CTLA4-Ig: a novel immunosuppressive agent

Abstract

Activation of naive T-cells requires two signals: one is antigen-specific and based on T-cell receptor (TCR) recognition of a peptide-MHC complex and the second is antigen-nonspecific and delivered by specific T-cell receptors after ligation with their ligands (costimulatory molecules) expressed by antigen-presenting cells (APCs).

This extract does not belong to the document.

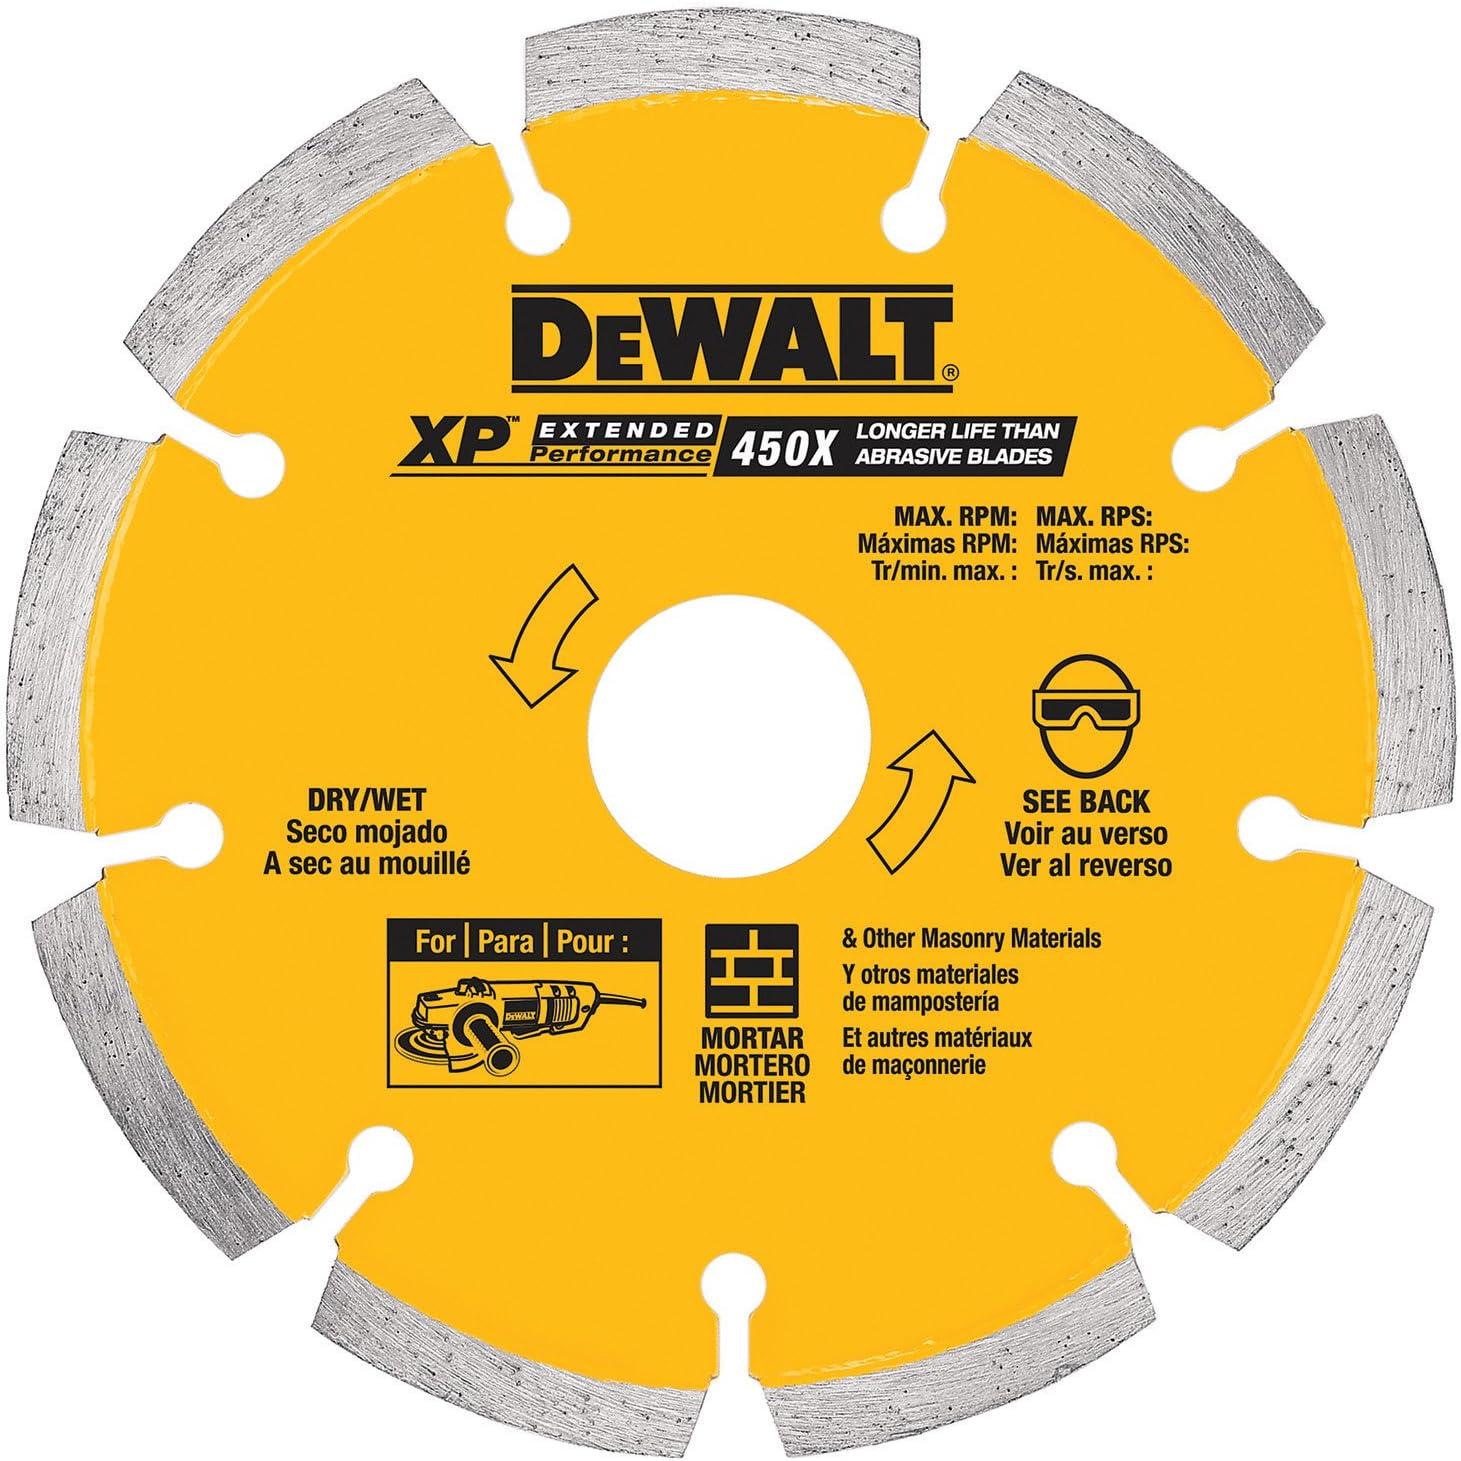 DEWALT DW4710 4-Inch Tuck Point Diamond Saw with Blade 5 8-Inch New Max 85% OFF Free Shipping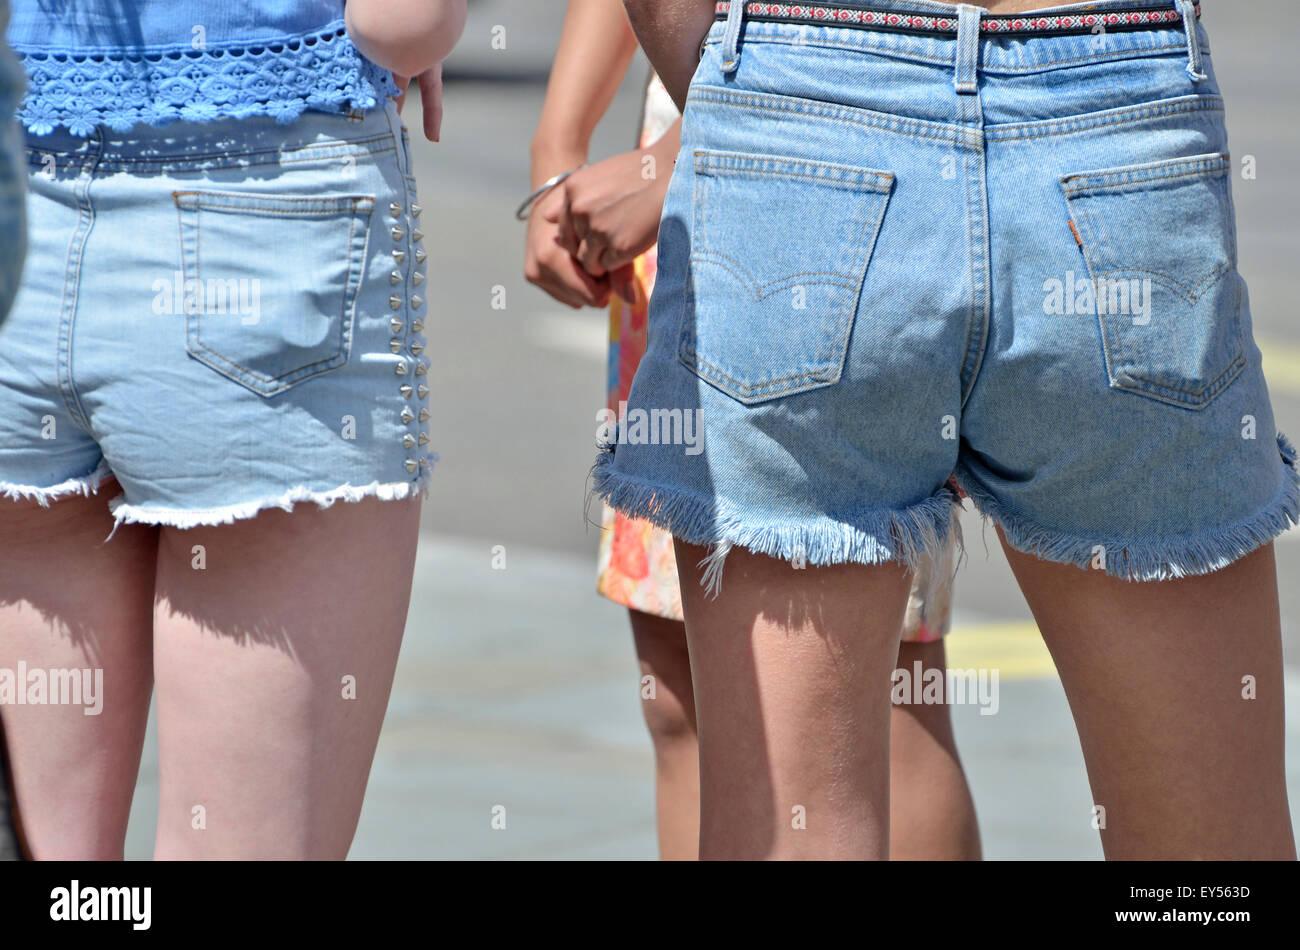 girl wearing shorts stock photos & girl wearing shorts stock images

Engagement of the B7 family of molecules on APCs with their T-cell associated ligands, CD28 and CTLA-4 (CD152), provides a pivotal costimulatoty signal in T-cell activation. The lack of costimulation after engagement of the T-cell receptor by antigen, results in a state of antigen-specific unresponsiveness, termed anergy. Manipulation of CD28/B7 pathway has therefore been envisioned as a potential strategy for achieving therapeutically useful immunosuppression or tolerance. CTLA4-Ig has been initially developed by Bristol-Myers Squibb as a competitive inhibitor of CD28/B7 pathway (BMS-188667). Thereafter, CTLA4-Ig was produced by Repligen and also in some individual laboratories. In various animal models, discussed in this paper, CTLA4-Ig has been shown to inhibit T-cell-dependent antibody responses, significantly prolong transplanted organ survival, induce long-term donor-specific tolerance in some models, slow progression of autoimmune disease and to have immunomodulatory function in several other immunological disease models. Recently, CTLA4-Ig has entered Phase I clinical trials for the treatment of psoriasis, a T-cell mediated skin disease and treatment of graft-versus-host disease in allogeneic bone marrow transplantation. Large clinical randomised trials on the use of CTLA4-Ig are missing, nevertheless, its immunosuppressive effects coupled with features such as specificity of interaction and low toxicity, make CTLA4-Ig a promising new therapeutic agent for induction of donor-specific immunological tolerance, the ultimate goal of clinical immunosuppression.